### Data

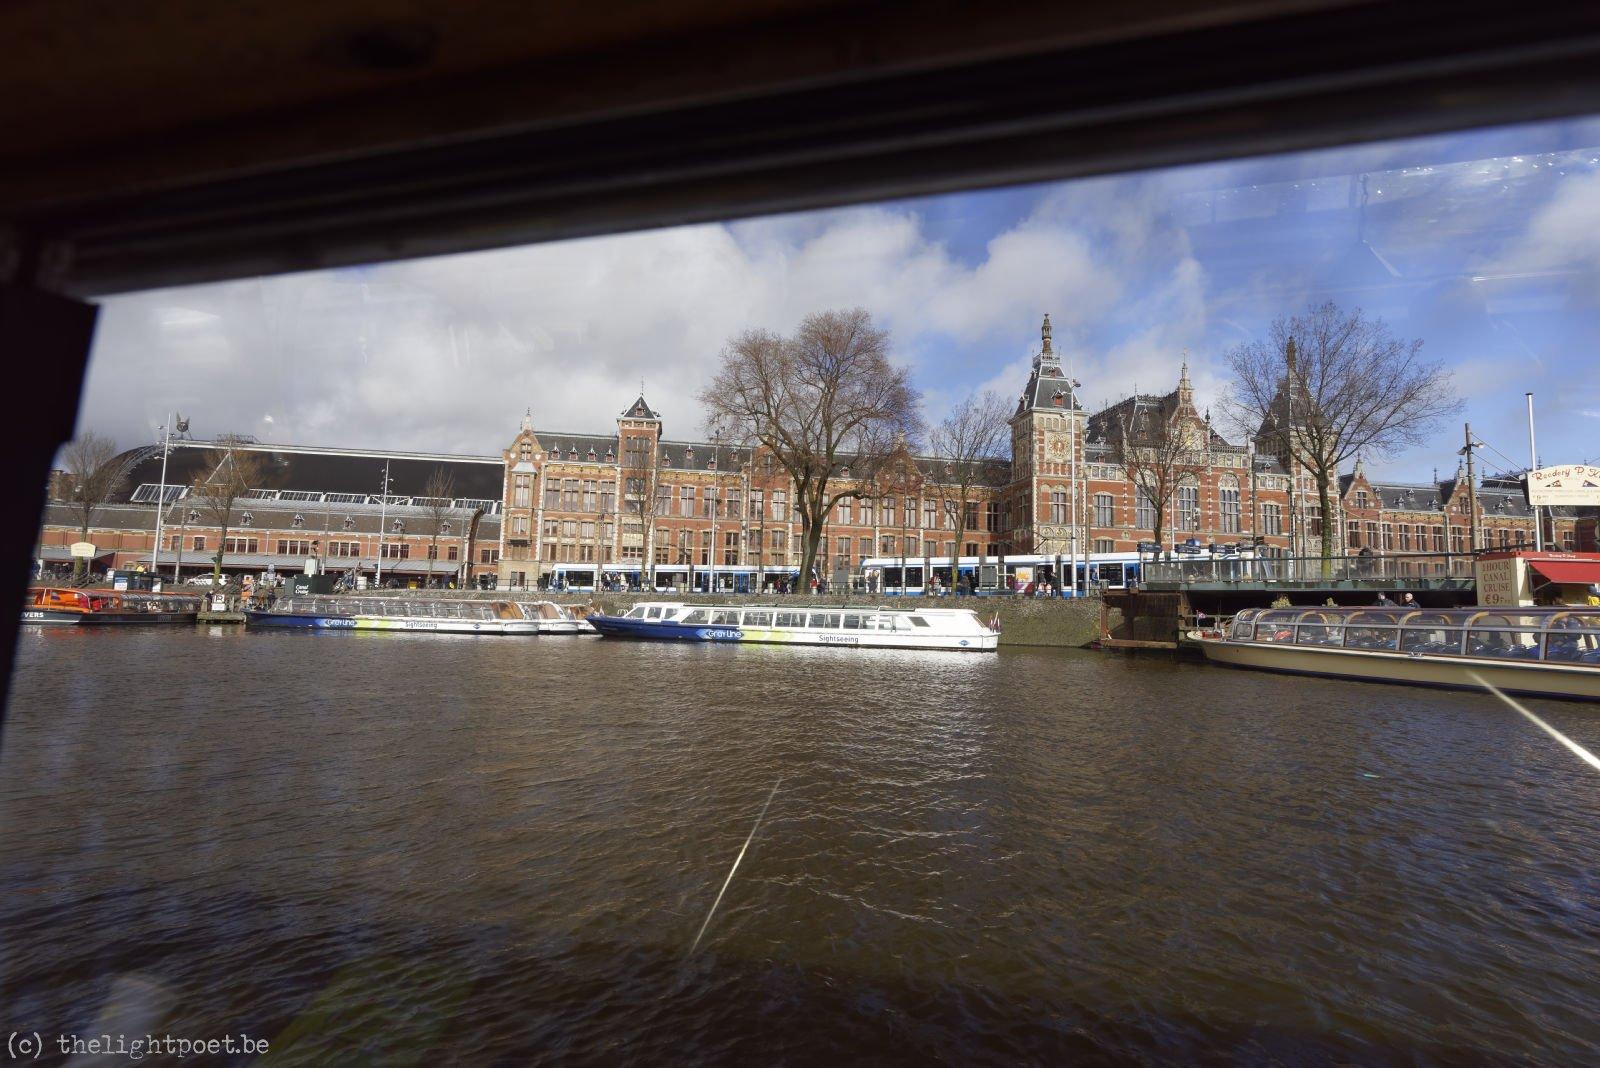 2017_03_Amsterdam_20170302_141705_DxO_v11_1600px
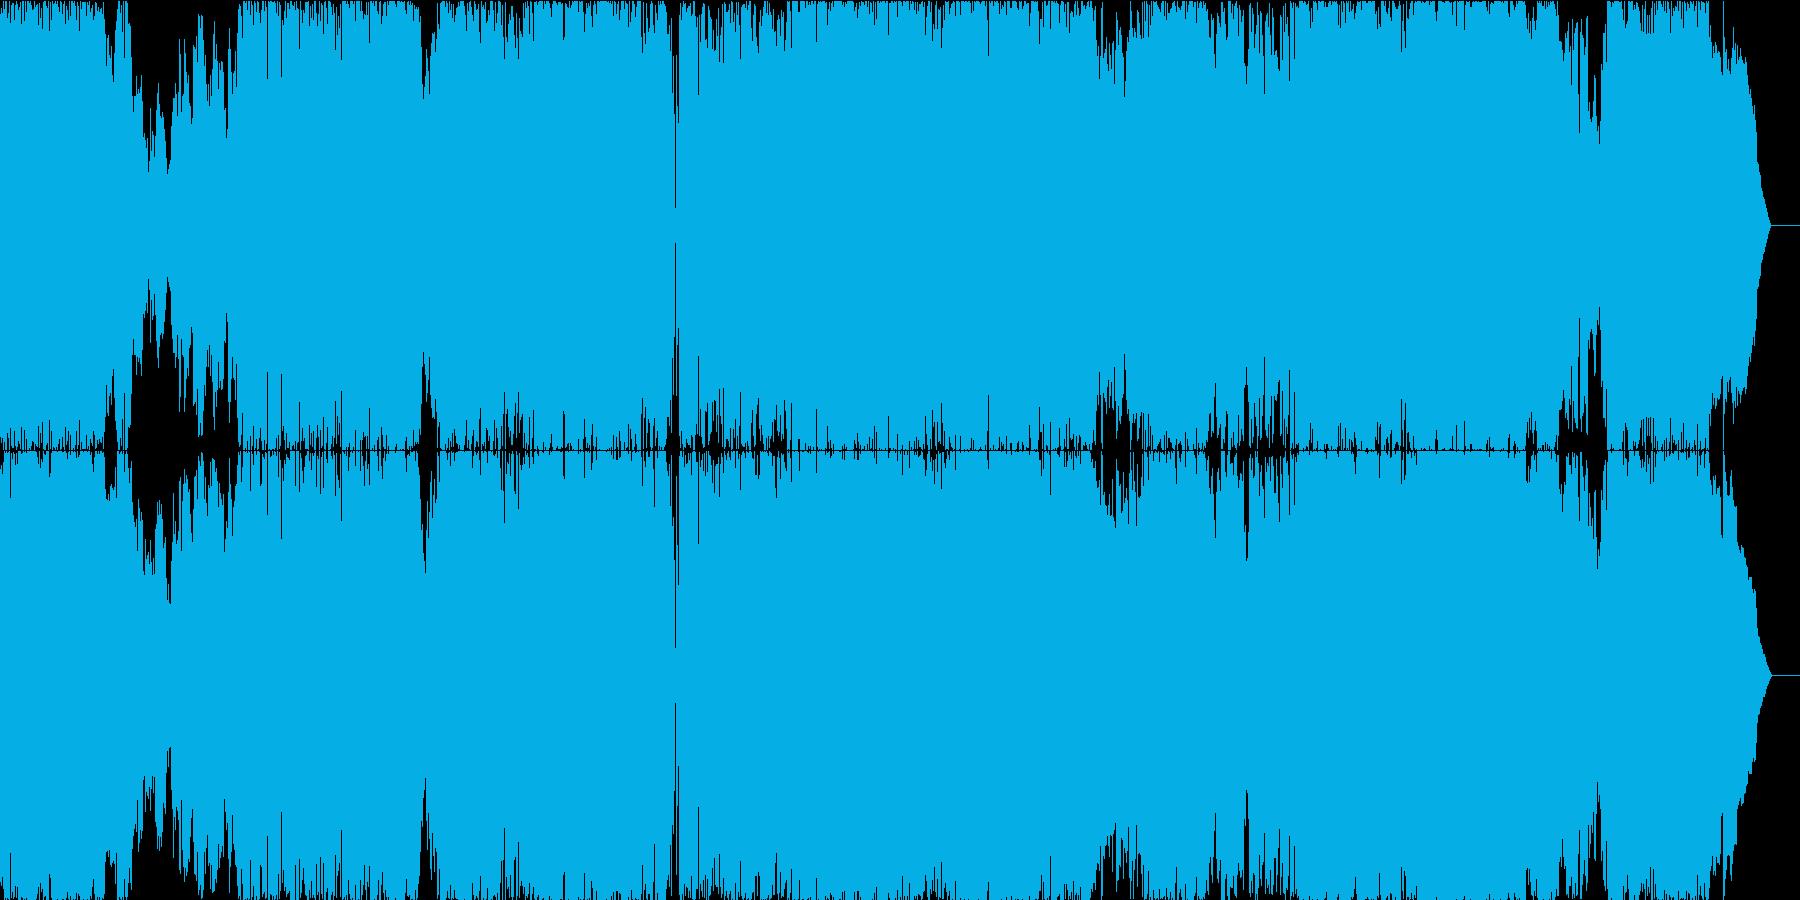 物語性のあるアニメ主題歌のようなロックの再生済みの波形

######
### Data

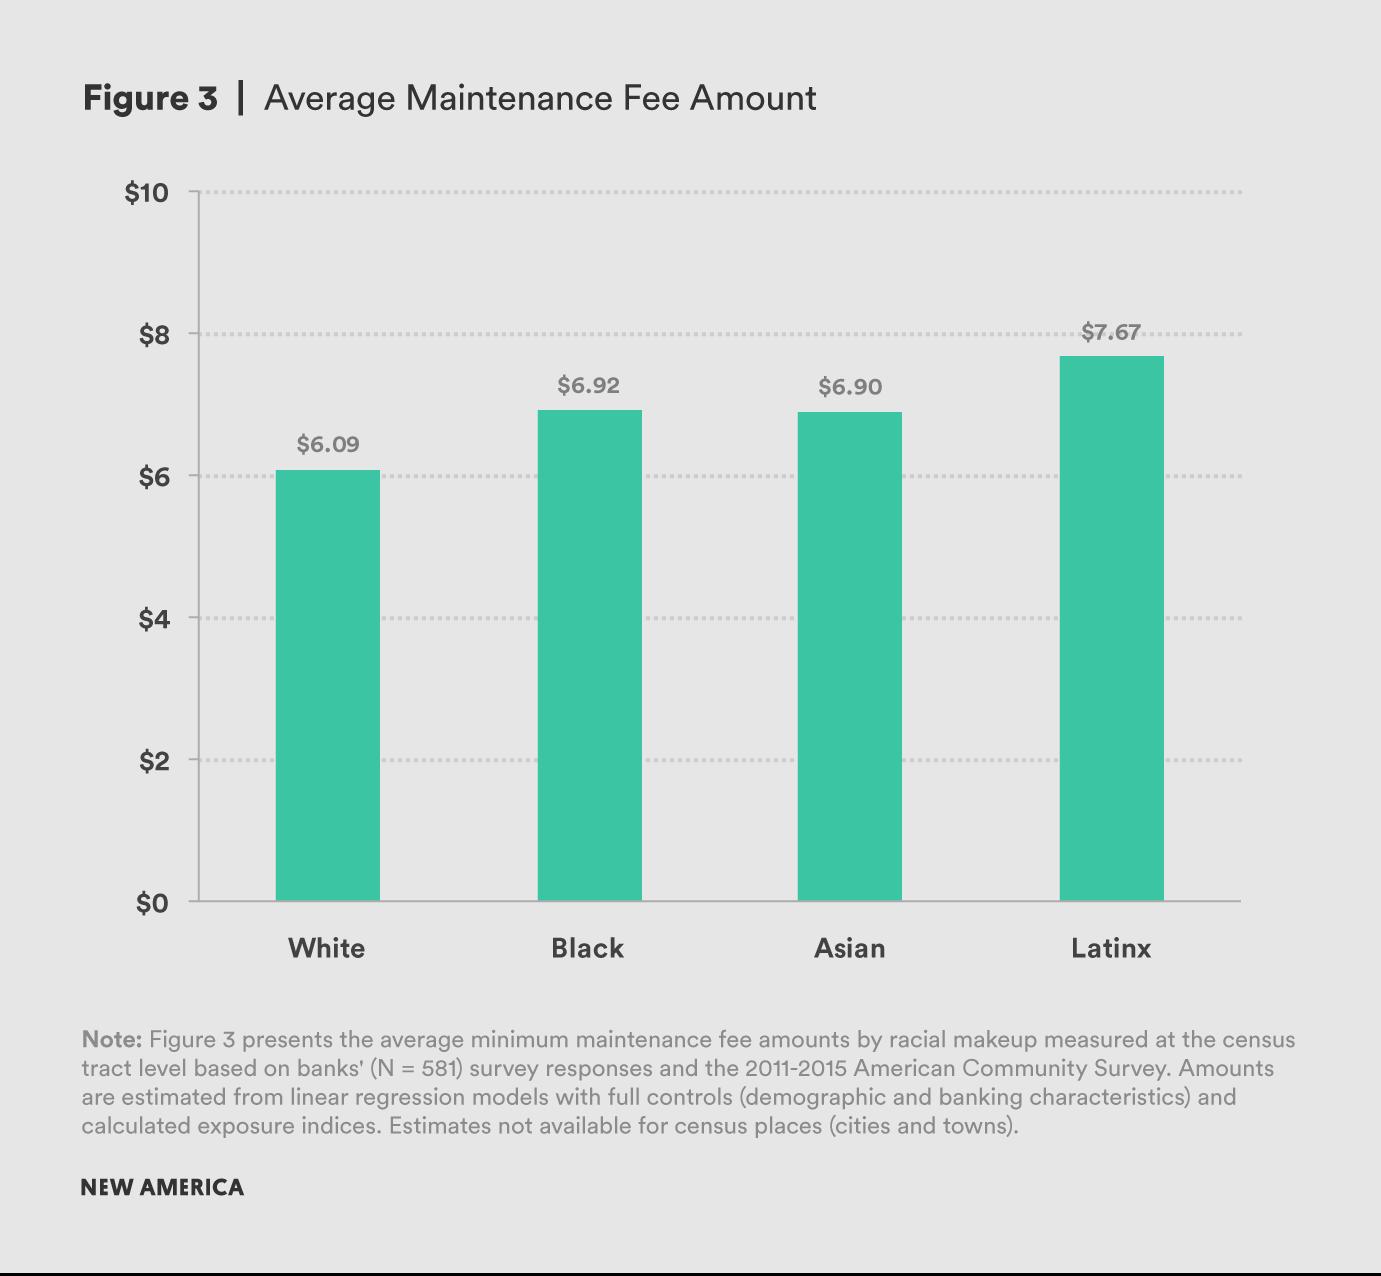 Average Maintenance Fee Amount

######

## Exercise directions
Which part of the entries opens with the line containing "2017_03_Amsterdam_20170302_141705_DxO_v11_1600px" and closes with the line containing "物語性のあるアニメ主題歌のようなロックの再生済みの波形"? Output that part exactly, ends included, pictures excluded.

## Written response
 2017_03_Amsterdam_20170302_141705_DxO_v11_1600px
 物語性のあるアニメ主題歌のようなロックの再生済みの波形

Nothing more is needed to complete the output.